MoC Quantum Dots@N-Doped-Carbon for Low-Cost and Efficient Hydrogen Evolution Reaction: From Electrocatalysis to Photocatalysis

Abstract

Sustainable and highly efficient non-noble metal catalysts could facilitate the realization of closed-loop and carbon-neutral hydrogen (H2) economy via low-cost electrocatalytic (EC) or photocatalytic (PC) H2 evolution reaction (HER) from water. Herein, molybdenum carbide (MoC) quantum dots onto N-doped porous carbon are in situ synthesized and immobilized, resulting in a bifunctional catalyst MoC@NC. Density functional theory calculation suggests that the targeted catalyst has a suitable Gibbs free-energy (ΔGH*) for the adsorption of atomic hydrogen, which is beneficial to both EC and PC HERs. For EC HER, the as-prepared MoC@NC catalyst delivers a low overpotential of 160 mV at −10 mA cm−2 and a remarkable H2 evolution rate in alkaline electrolytes.
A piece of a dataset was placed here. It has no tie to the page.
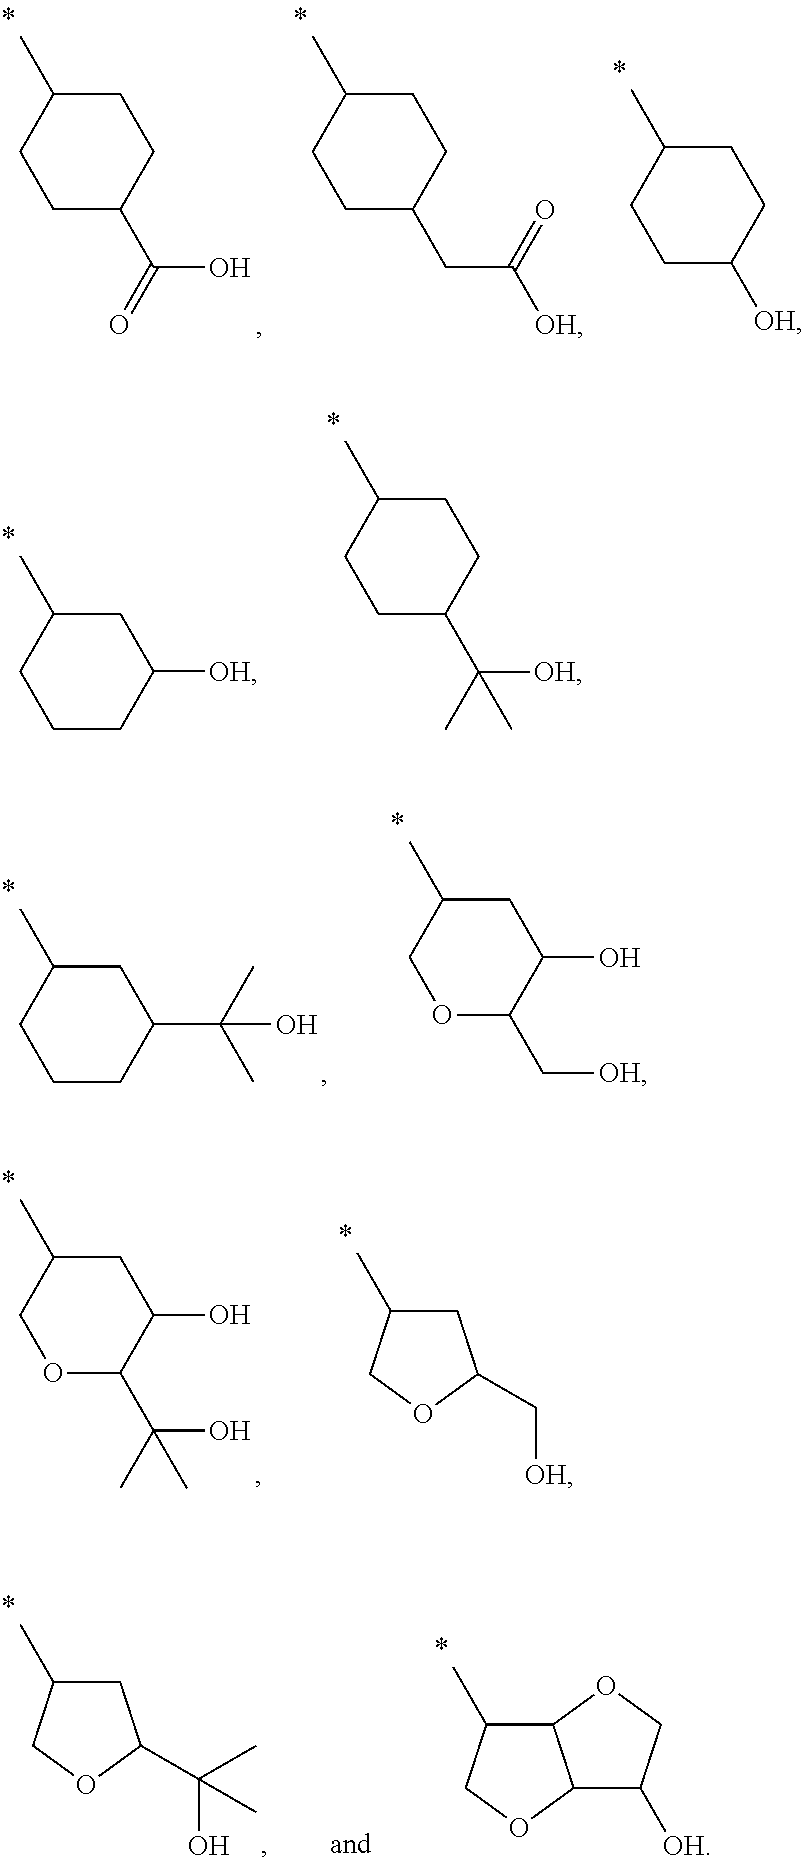 New azabenzimidazole derivatives

For PC HER, MoC@NC couple with 2D graphitic carbon nitride (g-C3N4), which significantly reduces the PC HER energy barrier and enhances the separation efficiency of photogenerated carriers, and consequently, achieves an outstanding photocatalytic H2 evolution rate of 1709 µmol h−1 g−1, which is 213-fold of that of pure g-C3N4. This study paves a new avenue for developing sustainable non-noble metal catalysts for both EC and PC HERs.